A new report by STOP AIDS and Global Justice Now shines a light in 2017 on the level of UK public money used to develop new drugs, with two out of five of the NHS’s most expensive drugs discovered using substantial public money. Says a senior NHS administrative source, “The people running this side of the NHS have little or no negotiation training, and the way pharmaceutical companies operate leaves them less and less room to get better deals – if the NHS gets tough about prices, there is the threat of no more donations….and once a drug is successful, it’s an addictive purchase – the more successful it gets, the more the drug companies charge”.

A veritable plethora of Public Health campaigners have called for the government to make major changes to the way medicines are researched and developed, after new analysis of the cost of leading cancer drugs to the NHS showed that “£458 million was spent in 2017/18 on paying pharmaceutical companies for medicines developed with public funding.”

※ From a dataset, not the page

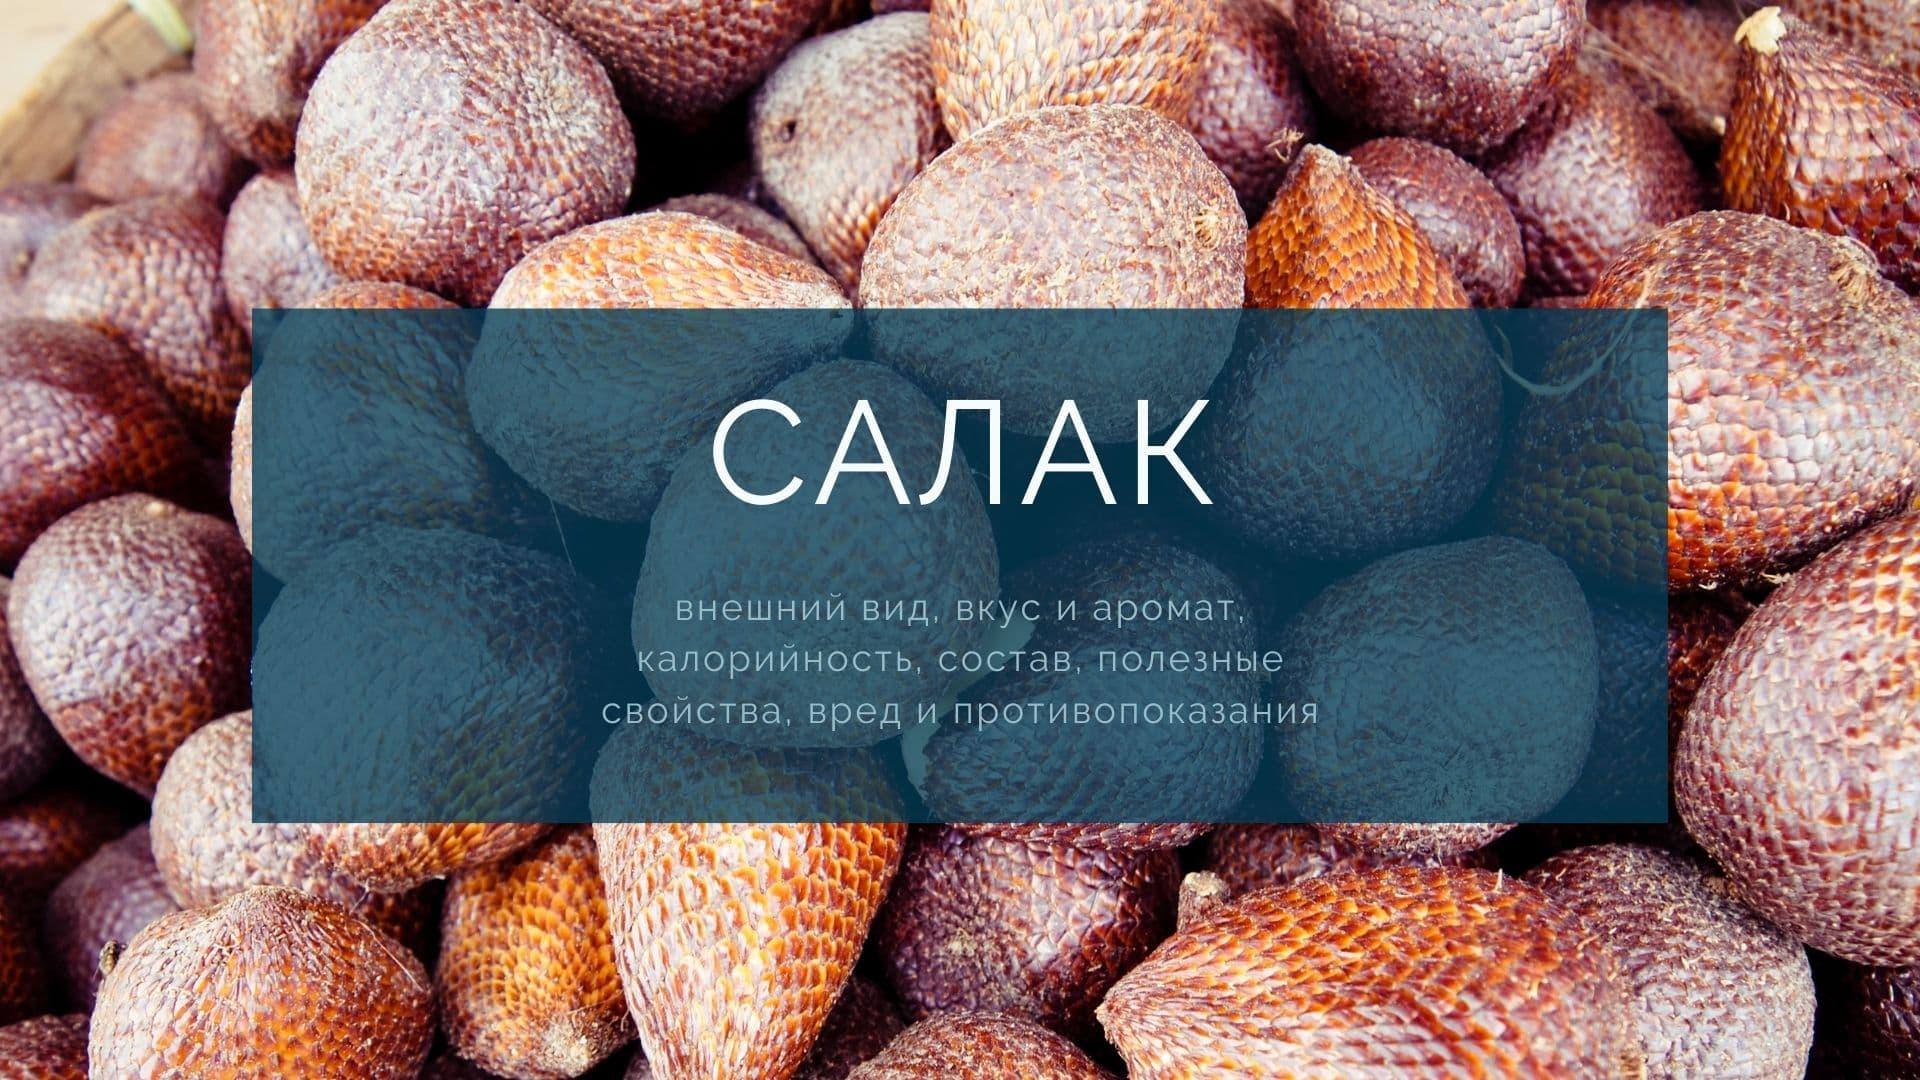 Салак: внешний вид, вкус и аромат, калорийность, состав, полезные свойства, вред и противопоказания

Pharma now openly advertises in the Health trade press about this donating scam:
“Takeda UK and Takeda Products Ireland Ltd wishes to work in partnership with the NHS / HSE and Healthcare Professionals (HCPs) and is pleased to consider financial donation / grant requests that will directly benefit the NHS / HSE and its patients. This also includes requests from patient groups or other charitable causes.”

NHS England spent a record £18.2 billion on medicines in 2017-18, up 28% in real terms since 2010, when the drug budget was closer to £8 billion. The medicines bill is rising much faster than the NHS budget. This is far from being a purely British phenomenon.

Taking my source’s comment about ‘addictive drug purchases’ in the UK, in December 2018, a World Health Organisation technical report found that the “pricing of cancer drugs is disproportionately higher than other types of pharmaceuticals and therapies around the world.”

The WHO report concluded that pharmaceutical companies set prices not based on the costs of R&D, but rather according to “commercial goals, with a focus on extracting the maximum amount that a buyer is willing to pay for a medicine,” which “makes cancer medicines unaffordable, preventing the full benefit of the medicines from being realised.”

France’s Assurance Maladie drug price control has eliminated much of the British NHS dependence – but bribery is still undertaken on a broad scale among GPs. The University of Rennes study from October 2019 catalogues the moral hazard in alarming detail. It’s conclusions “suggest that French GPs who do not take gifts from pharmaceutical companies have better drug prescription efficiency indicators and less costly drug prescriptions than GPs who receive gifts”.

Pharma incentives in the sector include donations of equipment and invitations to seminars in sexy locations that include lavish catering and travel expenses. What marketing people call “a free jolly”.

It’s the usual formerly green field littered with grubby rubbish that Global Pharma leaves behind it wherever its tentacles penetrate the calling of medicine. And yet further evidence of the creeping Corporate State where the 3% get rich pickings, and the real needs of society come a very poor last.

We are also surely entitled to speculate on the connection between the tentacles of Octopoid Pharmadollar Lobbius and (a) the emerging scandal about PHE Covid19 overcounting and (b) the fact that The Slog’s email inbox has been crammed with frontline staff alleging falsification en masse of death causes since last March.